### DATASET RECORDS
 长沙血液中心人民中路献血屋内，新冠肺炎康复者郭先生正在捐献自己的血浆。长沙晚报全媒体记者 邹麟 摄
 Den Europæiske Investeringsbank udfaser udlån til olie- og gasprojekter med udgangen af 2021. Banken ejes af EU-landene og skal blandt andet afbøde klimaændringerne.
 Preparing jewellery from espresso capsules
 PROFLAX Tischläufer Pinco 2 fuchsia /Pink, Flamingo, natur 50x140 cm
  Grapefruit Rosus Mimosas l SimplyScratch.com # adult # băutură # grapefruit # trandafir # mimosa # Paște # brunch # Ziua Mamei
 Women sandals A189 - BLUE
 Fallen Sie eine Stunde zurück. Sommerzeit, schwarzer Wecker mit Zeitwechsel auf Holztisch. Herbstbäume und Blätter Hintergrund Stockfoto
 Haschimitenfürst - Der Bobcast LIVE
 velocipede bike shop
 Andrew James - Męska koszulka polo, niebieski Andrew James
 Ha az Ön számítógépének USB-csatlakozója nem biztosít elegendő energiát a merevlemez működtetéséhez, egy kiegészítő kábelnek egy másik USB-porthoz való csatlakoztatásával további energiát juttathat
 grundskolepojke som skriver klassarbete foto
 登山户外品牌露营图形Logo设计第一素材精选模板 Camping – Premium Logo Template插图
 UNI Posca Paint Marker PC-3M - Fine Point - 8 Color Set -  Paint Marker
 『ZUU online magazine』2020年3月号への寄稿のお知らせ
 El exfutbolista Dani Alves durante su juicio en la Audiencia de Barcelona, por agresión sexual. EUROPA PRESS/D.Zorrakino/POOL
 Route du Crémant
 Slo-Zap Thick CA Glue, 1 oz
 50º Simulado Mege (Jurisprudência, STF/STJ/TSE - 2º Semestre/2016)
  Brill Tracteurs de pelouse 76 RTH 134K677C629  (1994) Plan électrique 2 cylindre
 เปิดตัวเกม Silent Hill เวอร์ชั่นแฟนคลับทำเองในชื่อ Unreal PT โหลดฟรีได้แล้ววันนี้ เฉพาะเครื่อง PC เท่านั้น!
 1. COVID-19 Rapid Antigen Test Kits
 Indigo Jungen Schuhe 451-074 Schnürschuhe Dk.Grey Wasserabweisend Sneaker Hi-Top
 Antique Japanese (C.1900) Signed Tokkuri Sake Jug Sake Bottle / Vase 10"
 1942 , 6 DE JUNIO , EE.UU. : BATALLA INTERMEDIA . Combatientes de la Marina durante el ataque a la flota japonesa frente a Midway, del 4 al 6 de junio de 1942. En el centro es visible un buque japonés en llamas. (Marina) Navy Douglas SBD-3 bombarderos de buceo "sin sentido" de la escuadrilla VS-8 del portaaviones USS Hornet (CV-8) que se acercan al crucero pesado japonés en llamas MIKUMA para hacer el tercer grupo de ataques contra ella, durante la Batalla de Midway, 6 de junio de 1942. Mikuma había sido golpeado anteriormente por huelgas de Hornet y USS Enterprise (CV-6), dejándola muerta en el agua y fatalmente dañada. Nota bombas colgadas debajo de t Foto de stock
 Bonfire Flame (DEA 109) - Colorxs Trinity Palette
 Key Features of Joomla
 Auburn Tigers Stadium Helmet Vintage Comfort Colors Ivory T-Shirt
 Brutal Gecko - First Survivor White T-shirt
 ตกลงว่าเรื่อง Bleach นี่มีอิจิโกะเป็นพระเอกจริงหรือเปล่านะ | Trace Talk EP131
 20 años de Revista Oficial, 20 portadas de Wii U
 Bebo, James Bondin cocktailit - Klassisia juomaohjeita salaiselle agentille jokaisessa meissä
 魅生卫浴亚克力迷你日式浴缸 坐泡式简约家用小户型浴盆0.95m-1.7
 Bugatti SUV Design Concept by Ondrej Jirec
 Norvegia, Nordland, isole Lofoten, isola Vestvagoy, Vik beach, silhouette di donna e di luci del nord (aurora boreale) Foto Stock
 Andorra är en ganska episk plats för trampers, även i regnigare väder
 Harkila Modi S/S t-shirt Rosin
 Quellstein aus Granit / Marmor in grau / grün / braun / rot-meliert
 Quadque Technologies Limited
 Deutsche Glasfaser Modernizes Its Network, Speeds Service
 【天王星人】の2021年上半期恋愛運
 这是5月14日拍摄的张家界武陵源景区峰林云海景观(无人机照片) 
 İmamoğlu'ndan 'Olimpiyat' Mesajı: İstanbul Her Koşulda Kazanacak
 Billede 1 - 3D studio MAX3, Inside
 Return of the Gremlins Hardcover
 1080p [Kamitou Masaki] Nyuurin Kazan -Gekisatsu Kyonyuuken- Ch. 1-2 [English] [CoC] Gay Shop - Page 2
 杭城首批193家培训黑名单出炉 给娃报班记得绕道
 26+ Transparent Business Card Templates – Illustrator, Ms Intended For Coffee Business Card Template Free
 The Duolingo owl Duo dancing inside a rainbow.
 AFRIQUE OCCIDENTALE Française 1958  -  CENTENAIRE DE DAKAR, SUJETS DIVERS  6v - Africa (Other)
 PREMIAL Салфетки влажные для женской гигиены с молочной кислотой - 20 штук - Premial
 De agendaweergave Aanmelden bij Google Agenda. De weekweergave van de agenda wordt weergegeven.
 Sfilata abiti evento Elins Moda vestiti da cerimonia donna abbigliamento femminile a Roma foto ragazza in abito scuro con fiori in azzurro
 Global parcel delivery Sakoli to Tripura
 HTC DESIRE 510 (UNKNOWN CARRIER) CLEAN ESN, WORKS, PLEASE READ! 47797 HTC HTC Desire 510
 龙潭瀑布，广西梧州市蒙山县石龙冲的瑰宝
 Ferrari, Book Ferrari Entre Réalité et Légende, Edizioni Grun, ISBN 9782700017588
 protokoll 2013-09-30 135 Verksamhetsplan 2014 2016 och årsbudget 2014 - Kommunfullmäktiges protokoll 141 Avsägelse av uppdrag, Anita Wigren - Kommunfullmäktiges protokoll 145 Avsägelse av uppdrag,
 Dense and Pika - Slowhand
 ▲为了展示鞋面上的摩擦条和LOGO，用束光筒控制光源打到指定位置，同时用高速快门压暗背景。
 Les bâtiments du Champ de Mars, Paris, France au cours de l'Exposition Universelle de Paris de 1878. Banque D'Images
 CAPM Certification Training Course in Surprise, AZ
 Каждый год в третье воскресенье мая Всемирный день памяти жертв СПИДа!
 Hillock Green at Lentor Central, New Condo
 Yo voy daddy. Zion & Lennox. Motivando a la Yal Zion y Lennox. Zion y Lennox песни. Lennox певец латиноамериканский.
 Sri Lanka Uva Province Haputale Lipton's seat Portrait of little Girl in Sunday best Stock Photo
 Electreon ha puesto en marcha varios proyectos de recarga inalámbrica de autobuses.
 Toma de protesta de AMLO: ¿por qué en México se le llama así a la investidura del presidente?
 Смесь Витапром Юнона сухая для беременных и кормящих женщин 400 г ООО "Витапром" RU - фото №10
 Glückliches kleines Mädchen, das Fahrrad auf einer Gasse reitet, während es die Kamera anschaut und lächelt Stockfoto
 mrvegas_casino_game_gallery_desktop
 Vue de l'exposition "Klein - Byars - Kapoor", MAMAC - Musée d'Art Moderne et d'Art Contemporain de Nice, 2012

### THE TASK
Please tally the lines above that include the word "Stockfoto" and answer with the number by itself.

### RESPONSE AREA
2